Mechanisms of islet damage mediated by pancreas cold ischemia/rewarming

Prolonged pancreas cold ischemia is known to negatively correlate with islet isolation outcomes, hindering successful islet transplantation to treat Type-1 Diabetes. Due to poor islet isolation outcome, pancreata with over 16 h cold ischemia are currently not considered for islet transplantation. Mechanisms involved in pancreas cold ischemia/rewarming mediated islet damage during islet isolation and culture are not well understood. Using an en bloc cold preserved rat pancreas preparation, we attempted to clarify possible mechanisms of islet death associated with prolonged pancreas cold ischemia and subsequent rewarming. Cold ischemia lasting 16 h decreased post-isolation islet yield and increased islet death during the initial 6 h of culture. Electron micrographs revealed swelling and severe disruption of cellular and mitochondrial membranes, as well as an enlarged endoplasmic reticulum (ER) in β-cells isolated from cold preserved pancreata.
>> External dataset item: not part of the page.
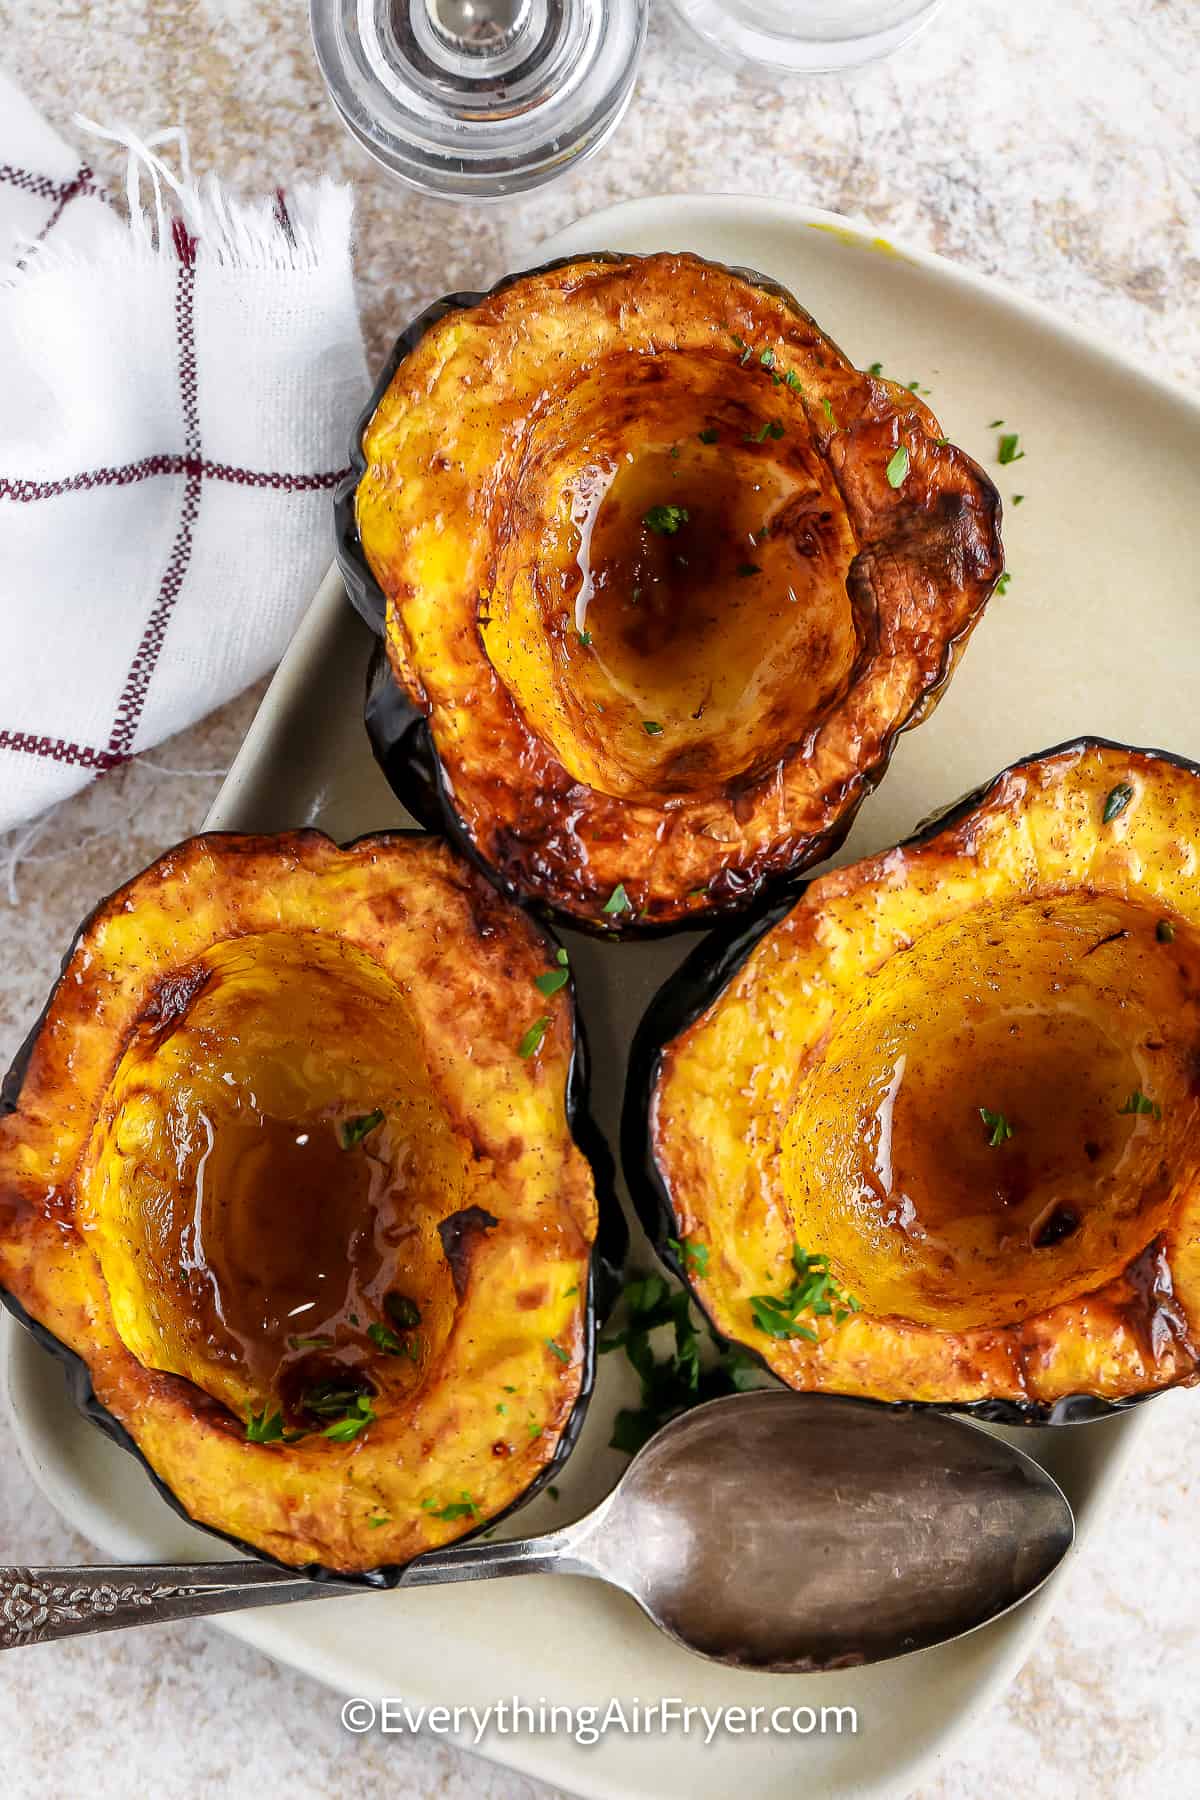 The halves of Air Fryer Acorn Squash on a serving plate.

Prolonged cold ischemia of the pancreas transiently activated mitogen-activated protein kinases (MAPKs) in isolated islets and increased lipid peroxidation products 4-hydroxynonenal (HNE) and heat shock protein (Hsp) 70 after culture, indicating the activation of oxidative stress signaling pathways. The islet isolation process, irrespective of pancreas cold ischemia, activated unfolded protein response (UPR), while the ER protective chaperon BiP was further upregulated by pancreas cold ischemia/rewarming. During the first 6 h of culture following islet isolation, p53 upregulated modulator of apoptosis (Puma) and caspase-3 activation were also upregulated. Our study indicates the involvement of both apoptosis and necrosis in islet death, and suggests oxidative stress and disruption of membranes are critical mechanisms mediated by pancreas cold ischemia/rewarming.